Start of Block

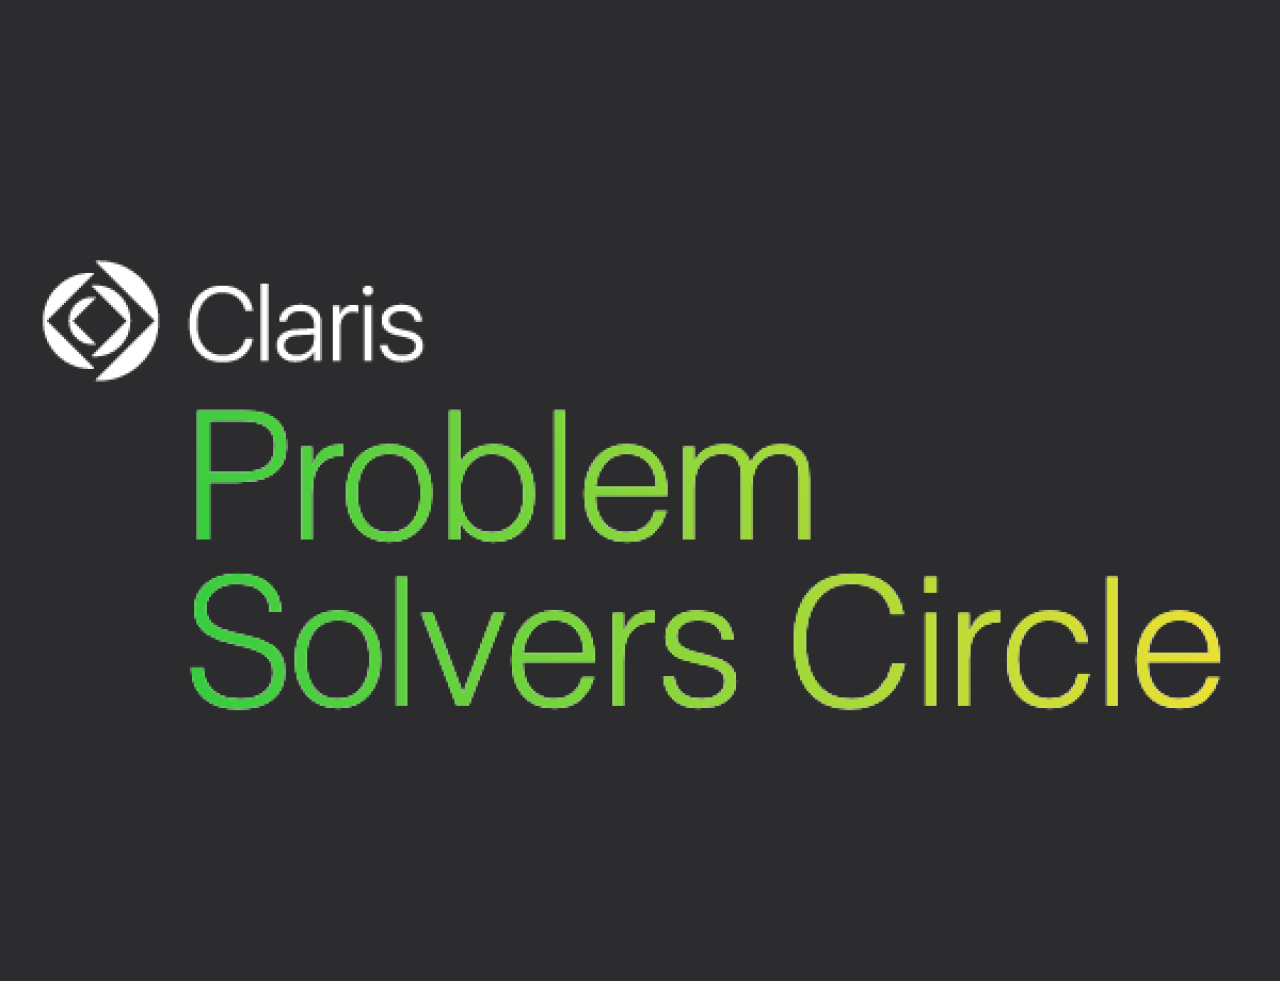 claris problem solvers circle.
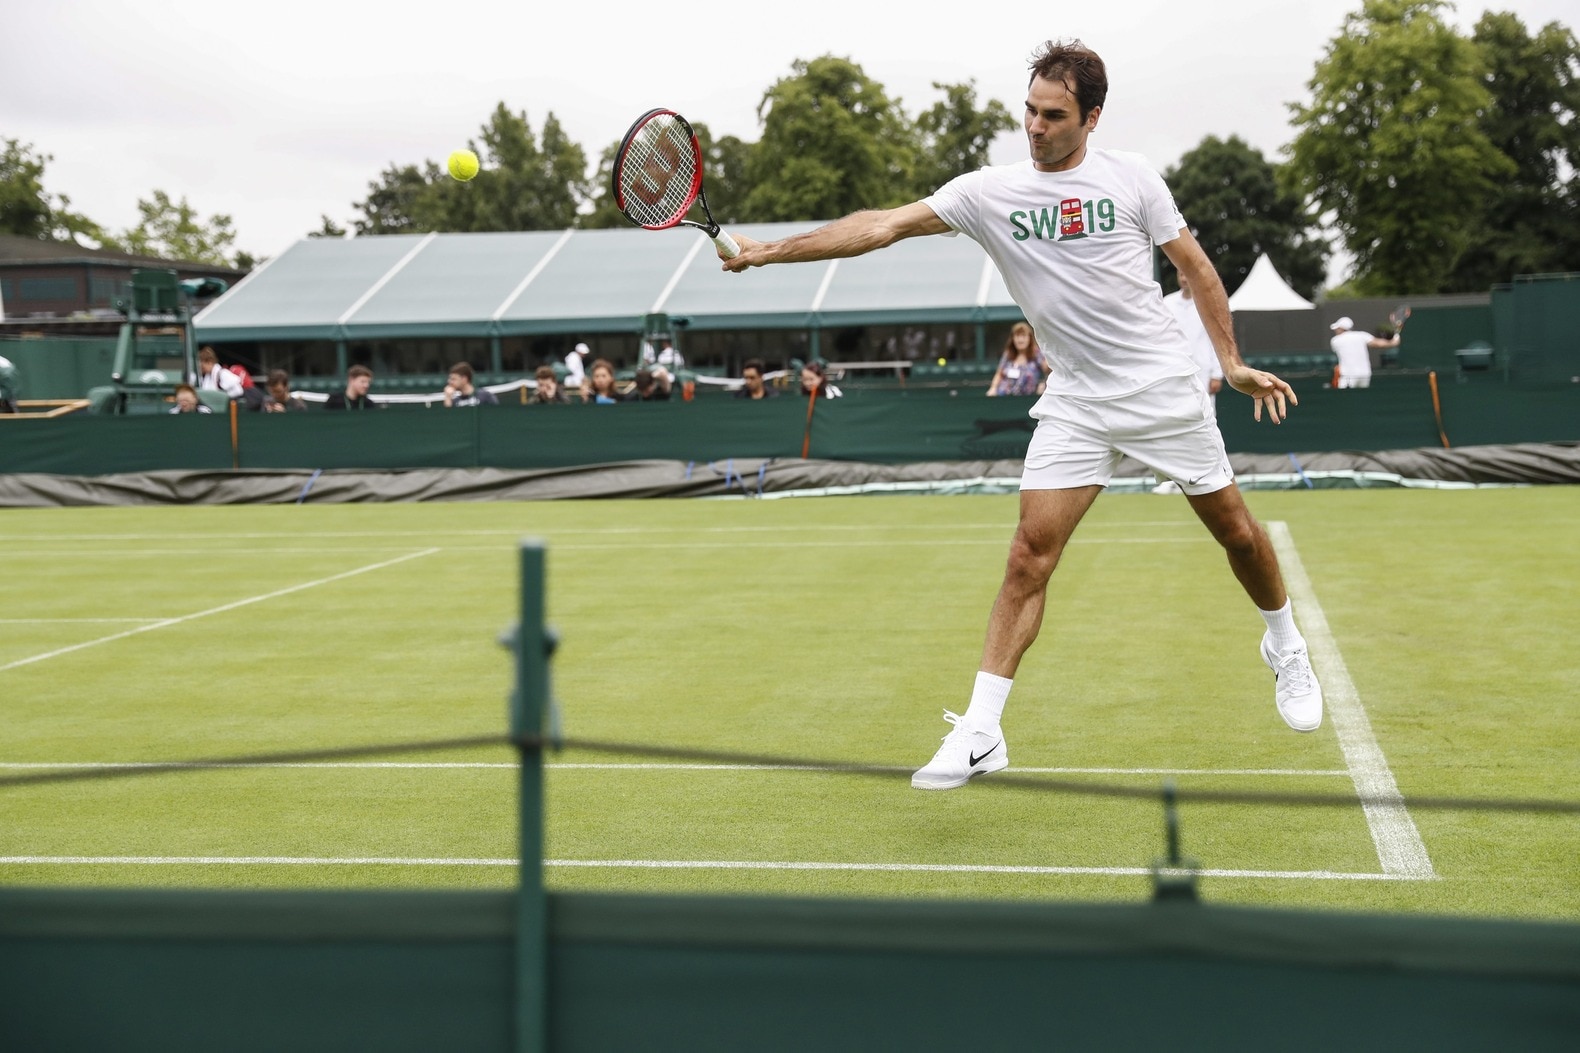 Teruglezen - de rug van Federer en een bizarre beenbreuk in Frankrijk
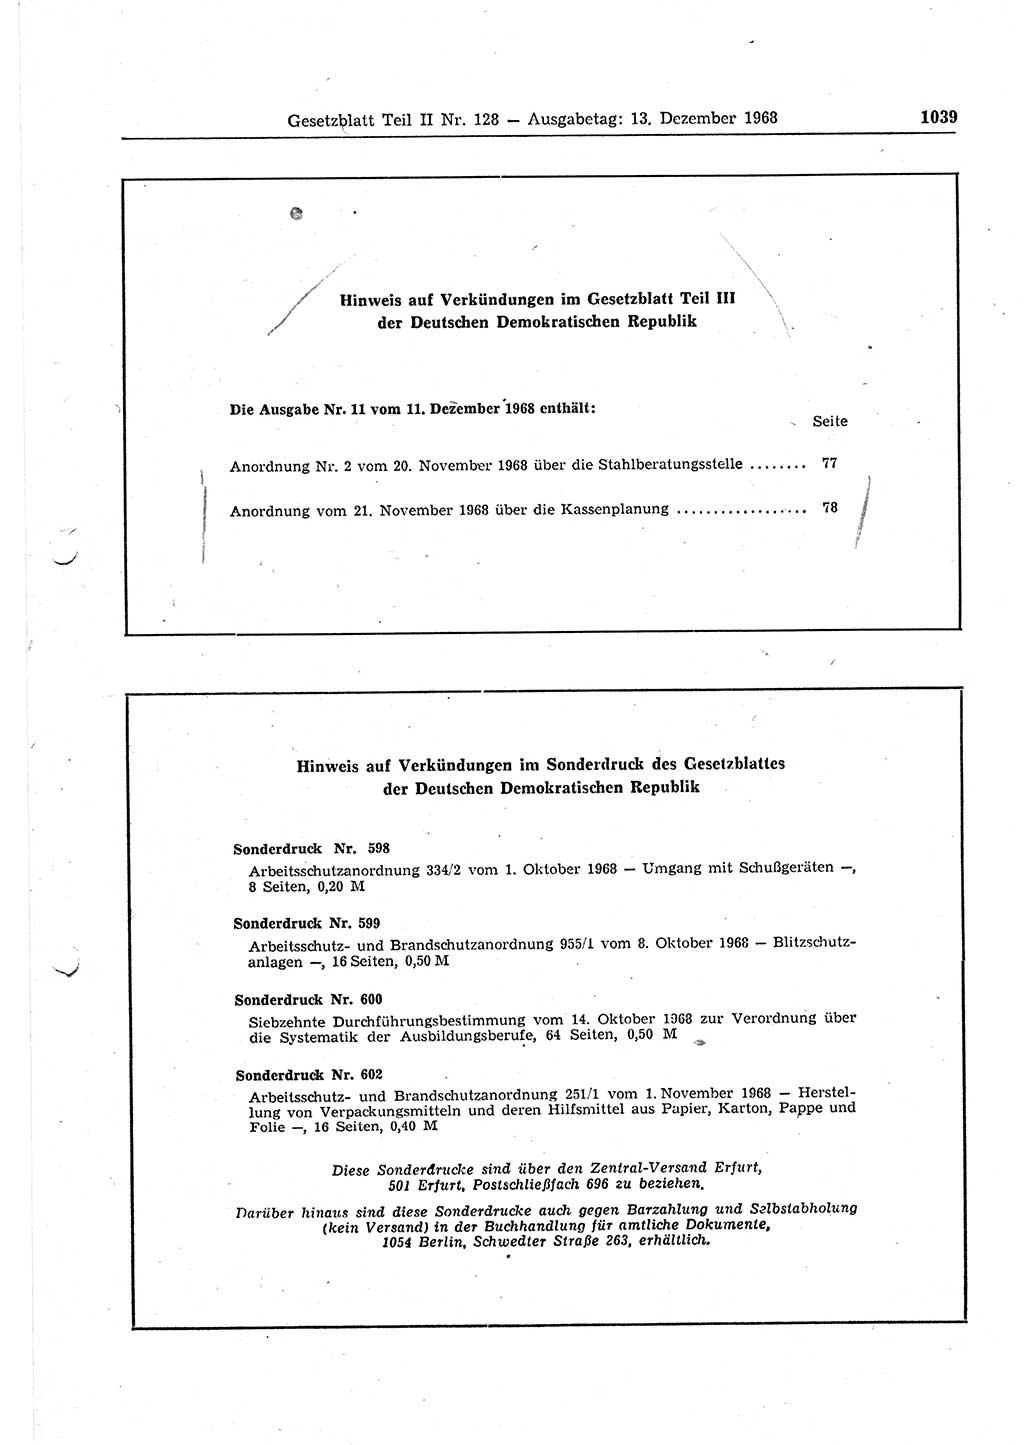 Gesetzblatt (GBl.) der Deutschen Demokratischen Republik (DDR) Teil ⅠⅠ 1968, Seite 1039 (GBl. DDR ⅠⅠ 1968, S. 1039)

End of Block

_DIRECTIONS FOR THIS TASK:_
Drop the pictures, then transcribe the lines from the one containing "Teruglezen - de" to the end of the data above, exactly and nothing more.

_RESPONSE TO THE TASK:_
 Teruglezen - de rug van Federer en een bizarre beenbreuk in Frankrijk
 Gesetzblatt (GBl.) der Deutschen Demokratischen Republik (DDR) Teil ⅠⅠ 1968, Seite 1039 (GBl. DDR ⅠⅠ 1968, S. 1039)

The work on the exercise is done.